Ditadura militar no Brasil: o golpe de ontem e seus defensores de hoje


Ditadura militar no Brasil: o golpe de ontem e seus defensores de hoje

Foto: Agência Brasil

Por Juliana Passos de Castro* 

O golpe de 1964, que instalou uma ditadura militar no Brasil por 21 anos, foi legitimado, à época, como uma ação necessária à manutenção da democracia. Um dos resultados do regime de exceção, então imposto ao país, foi o conjunto de violações aos direitos humanos praticadas pelo Estado. Embora seja evidente a contradição entre este fato e o que se espera de um governo que se afirma democrático, atualmente, ainda há vozes em defesa deste período repressivo.

Os atos provenientes dos poderes da república que tentaram conferir legitimidade ao golpe militar de 1964 foram muitos.

No livro Tanques e togas: o STF e a ditadura militar o autor, Felipe Recondo, relata que o presidente do Supremo Tribunal Federal, o ministro Ribeiro da Costa, estava presente quando o presidente da câmara dos deputados, Ranieri Mazzilli, tomou posse como presidente da república, momento em que chegou ao fim o governo de João Goulart, e foi consumado o golpe no país. O ministro pronunciou-se publicamente sobre este fato, afirmando que “o desafio feito à democracia foi respondido vigorosamente”. Após a eleição de Castelo Branco pelo Congresso Nacional, Ribeiro da Costa manifestou-se novamente, dessa vez em defesa do novo presidente, afirmando que “sem ele a democracia vai embora. É imprescindível que todos nós democratas emprestemos apoio ao presidente Castelo Branco”[1].

Também houve empenho em conferir legitimidade ao golpe, do ponto de vista legal. Para tal fim foram expedidos vários Atos Institucionais. O Ato Institucional (AI) 01, de 09 de abril de 1964, foi claro ao tentar justificar as restrições constitucionais previstas em seu texto, no poder constituinte e no interesse do povo e da nação. Dessa forma, ao mesmo tempo em que ampliou consideravelmente os poderes do presidente da república, instituiu eleições indiretas, suspendeu direitos fundamentais dos servidores públicos e previu a cassação de direitos políticos sem possibilidade de revisão por parte do judiciário, também afirmou que “a revolução se distingue de outros movimentos armados pelo fato de que nela se traduz não o interesse e a vontade de um grupo, mas o interesse e a vontade da Nação. A revolução vitoriosa se investe no exercício do Poder Constituinte”. (…) Em nome da revolução vitoriosa, e no intuito de consolidar a sua vitória, de maneira a assegurar a realização dos seus objetivos e garantir ao País um governo capaz de atender aos anseios do povo brasileiro, o Comando Supremo da Revolução, representado pelos Comandantes-em-Chefe do Exército, da Marinha e da Aeronáutica resolve editar o seguinte Ato Institucional[2].

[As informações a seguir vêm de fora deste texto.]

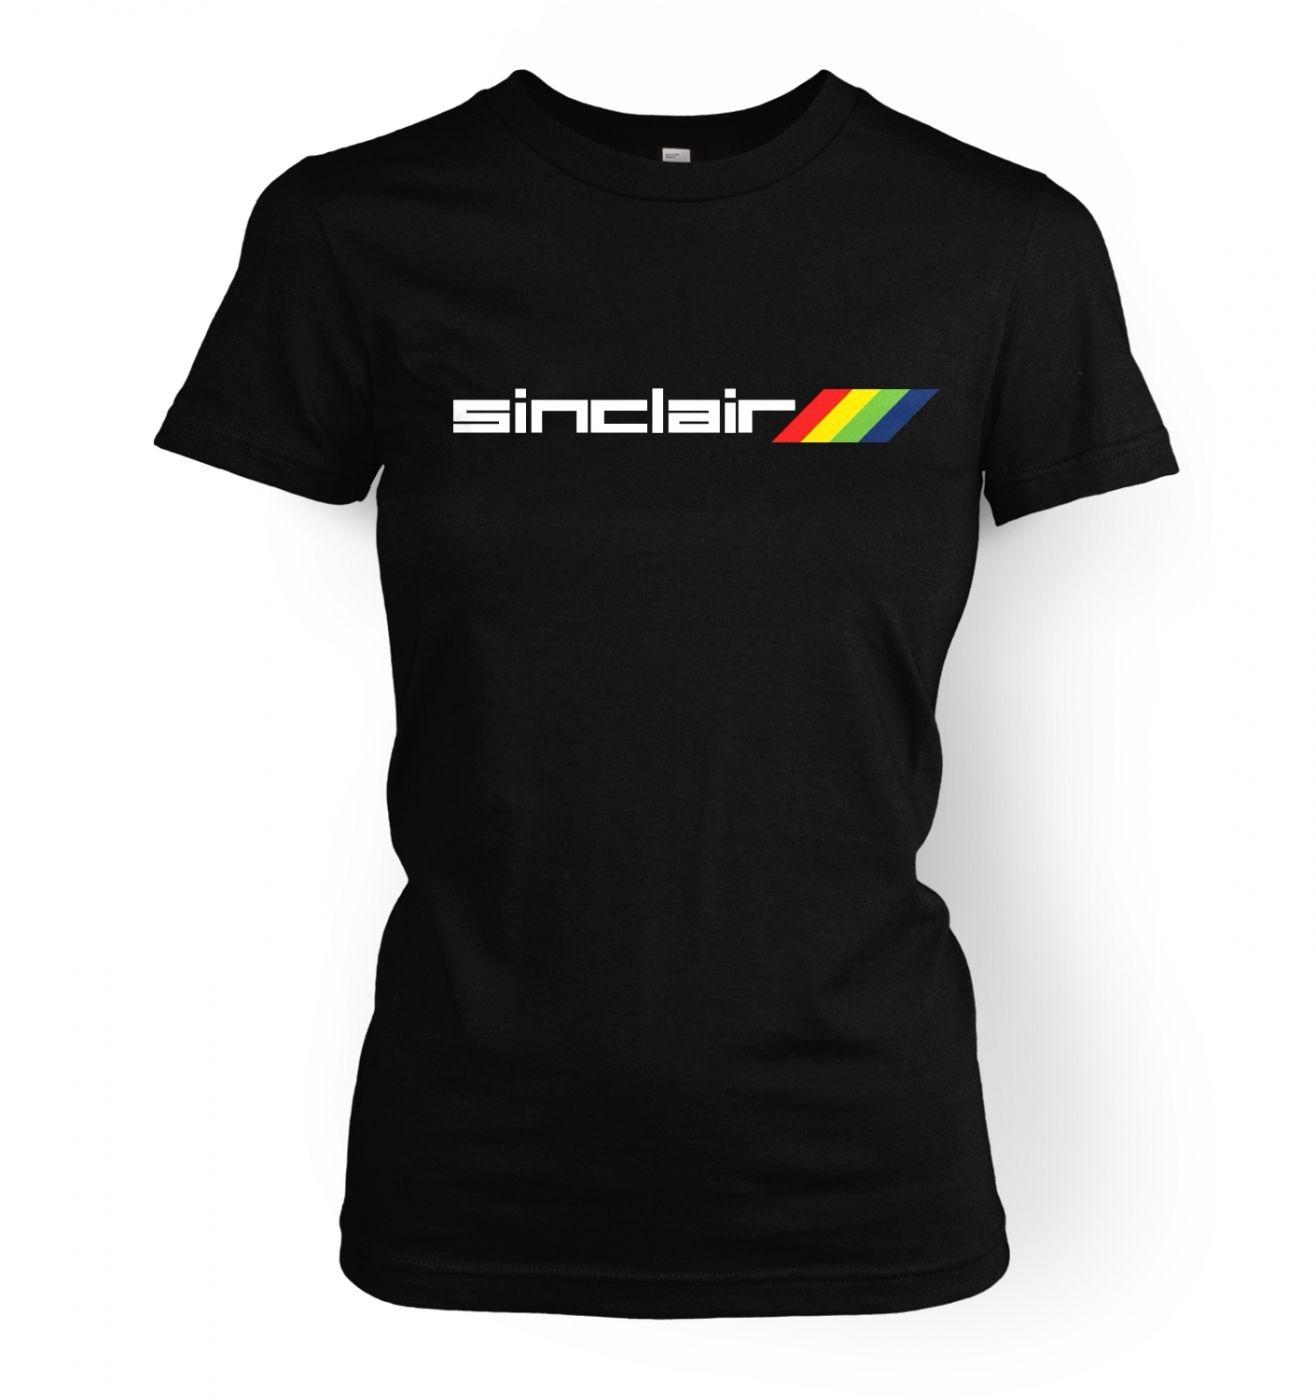 Sinclair Logo women's fitted t-shirt

Os demais institucionais seguiram a mesma tendência do primeiro. O AI 05, que dentre outras alterações constitucionais, suspendeu a garantia de habeas corpusbuscou justificar-se na defesa de uma “ordem democrática, baseada na liberdade, no respeito à dignidade da pessoa humana[3]”.

O Ato institucional 14, também lembrado por Felipe Recondo, no livro anteriormente citado, fez referência ao bem estar do povo quando instituiu a pena de morte e a prisão perpétua, dentre outras hipóteses, nos casos de “guerra psicológica adversa, ou revolucionária ou subversiva”[4].

 

Decorridos 54 anos do golpe, há muitas provas de que o período relativo à ditadura militar não teve qualquer compromisso com valores democráticos, e de respeito aos direitos fundamentais.

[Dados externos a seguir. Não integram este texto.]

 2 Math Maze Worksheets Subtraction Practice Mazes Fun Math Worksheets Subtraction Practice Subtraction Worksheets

Ainda que tardiamente, em diversas ocasiões, o Brasil reconheceu, oficialmente, sua responsabilidade pelas violações aos direitos humanos praticadas em nome do Estado no período ditatorial como, mortes, desparecimentos, torturas e violência sexual. A Lei n. 9140 de 1995[5], o livro Direito à verdade e à memória: Comissão Especial sobre Mortos e Desaparecidos Políticos[6], os relatórios da Comissão Nacional da Verdade, e das diversas Comissões Estaduais da Verdade instituídas no país, trazem relatos, provas e detalhes sobre os abusos aos direitos humanos, praticados nos anos de chumbo. Importante também é o papel da Comissão de Anistia, ao analisar os requerimentos de anistia e pedidos de indenização dos perseguidos políticos. Em várias sessões de julgamento, a Comissão pediu desculpas às vítimas do regime, reconhecendo, formalmente, a responsabilidade estatal pelos danos causados no contexto da ditadura.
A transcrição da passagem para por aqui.